Introduction

Prior to stepping down as California's attorney general to assume his new role as Joe Biden's secretary of health and human services, Xavier Becerra consolidated all aspects of healthcare enforcement under a new Healthcare Rights and Access Section. Antitrust enforcement in healthcare will now be under the auspices of this new section.

It was well known that Becerra placed healthcare rights near the top of his overall agenda as attorney general. In an effort to focus more sharply on healthcare-related issues, this new section brings together resources from around the agency to address antitrust enforcement, along with reproductive rights, access for LGBT community members, elder abuse, affordability for disadvantaged populations under the Affordable Care Act and all other enforcement responsibilities of the agency.

Outlook for antitrust enforcement

The restructuring has received little attention outside the agency, but raises interesting questions about the future of healthcare antitrust enforcement in California. At first glance, the consolidation of these disparate policy initiatives into a single division might suggest that antitrust enforcement could be diluted as the new section allocates its resources across a broad swath of enforcement work – much of which has nothing to do with competition in the industry. A clue may be found in the choice of the section's leadership. Heading the new section is a highly regarded lawyer who is currently president of the California Lawyers Association (successor to the California State Bar). Although his practice and expertise are not focused narrowly on antitrust, he is nevertheless an expert in the arcane aspects of antitrust law as applied to the healthcare industry. Indeed, he is an editor of the association's forthcoming "California Antitrust Law" chapter on healthcare, a lengthy and scholarly exposition of the Cartwright Act's application to all aspects of healthcare from hospital mergers to generic pharmaceutical competition.

Recent actions

Time will tell a fuller story, but there seems to be no reason to expect that healthcare will receive less, rather than greater, attention from California's antitrust enforcers. Recently, the agency has scored important wins in this area. In an action against Sutter Health, the attorney general challenged the hospital system's alleged 'all or nothing' policy requiring insurers to include all of its medical facilities in order to have access to any Sutter hospital. The case was closely watched by hospitals and insurers and represented a novel challenge to the operations of large hospital systems. That case settled for $575 million in December 2020, along with certain conduct commitments by the hospital system, although Sutter denied wrongdoing. The settlement recently received preliminary approval from the Superior Court of San Francisco.

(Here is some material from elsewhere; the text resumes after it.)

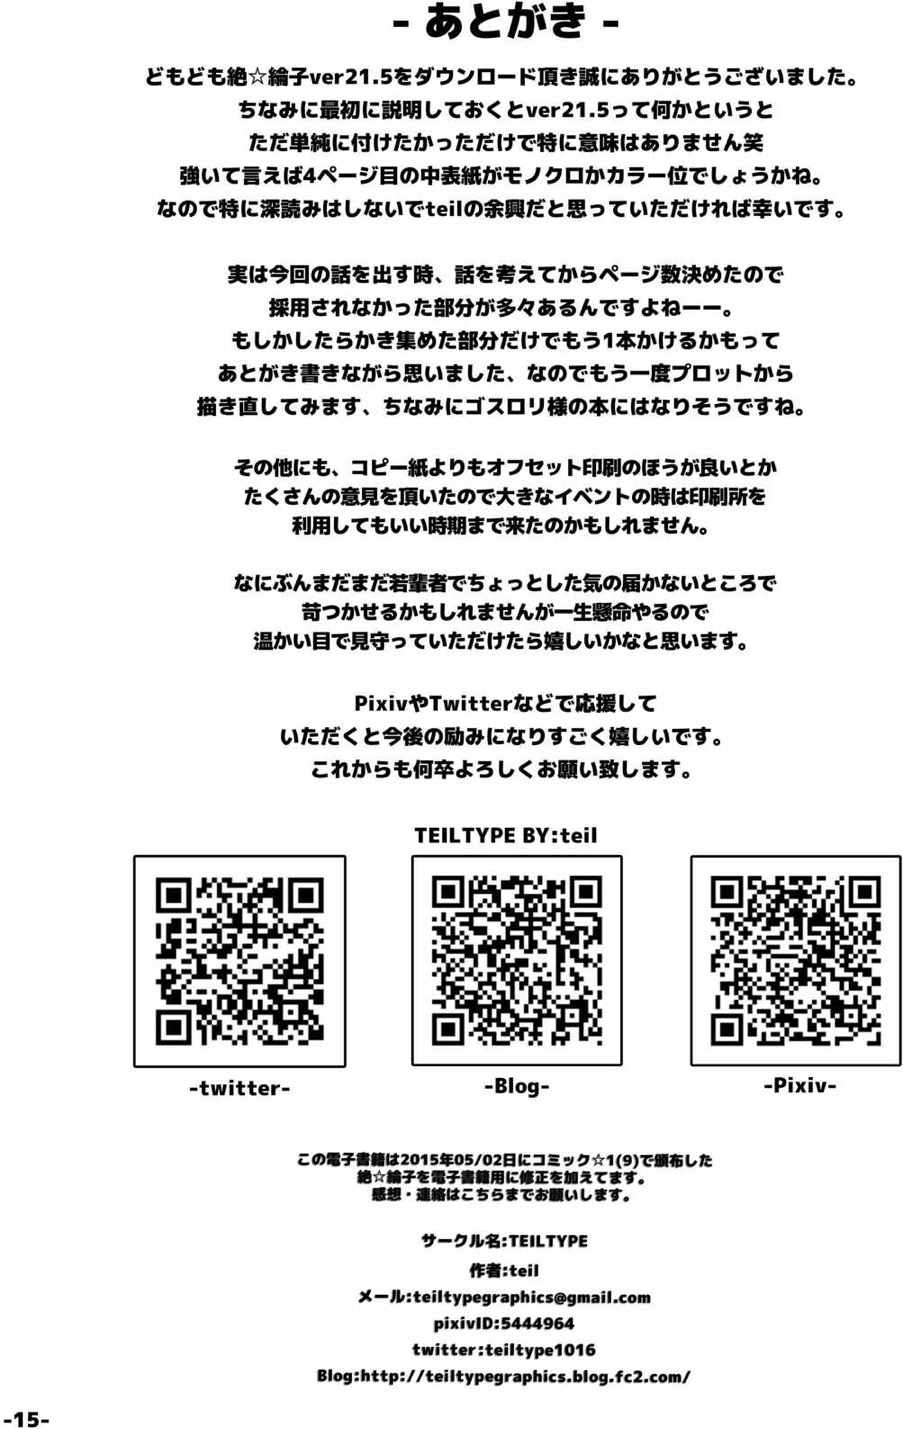 [TEILTYPE (teil)] Zetsu E Rinco  ver 21.5 (SHIROBAKO) [Digital] [TEILTYPE (teil)] 絶☆綸子ver21.5 (SHIROBAKO) [DL版]

In 2019 the attorney general blocked a proposed merger of five Adventist Health hospitals, four of which were owned by St Joseph Hospital System. The state argued that the combined network would have unacceptable control over healthcare delivery in a largely rural area in northern California. The decision to block the transaction appears to have represented something of a change in approach, given that in 2018 the agency allowed a much larger merger between CHI and Dignity Health. A more skeptical policy seems evident from the attorney general's recent cases.

Going forward

Going forward, the antitrust staff attorneys assigned to this section will inevitably bring healthcare into even sharper focus, perhaps all the more so as the section brings together a broad range of pertinent expertise.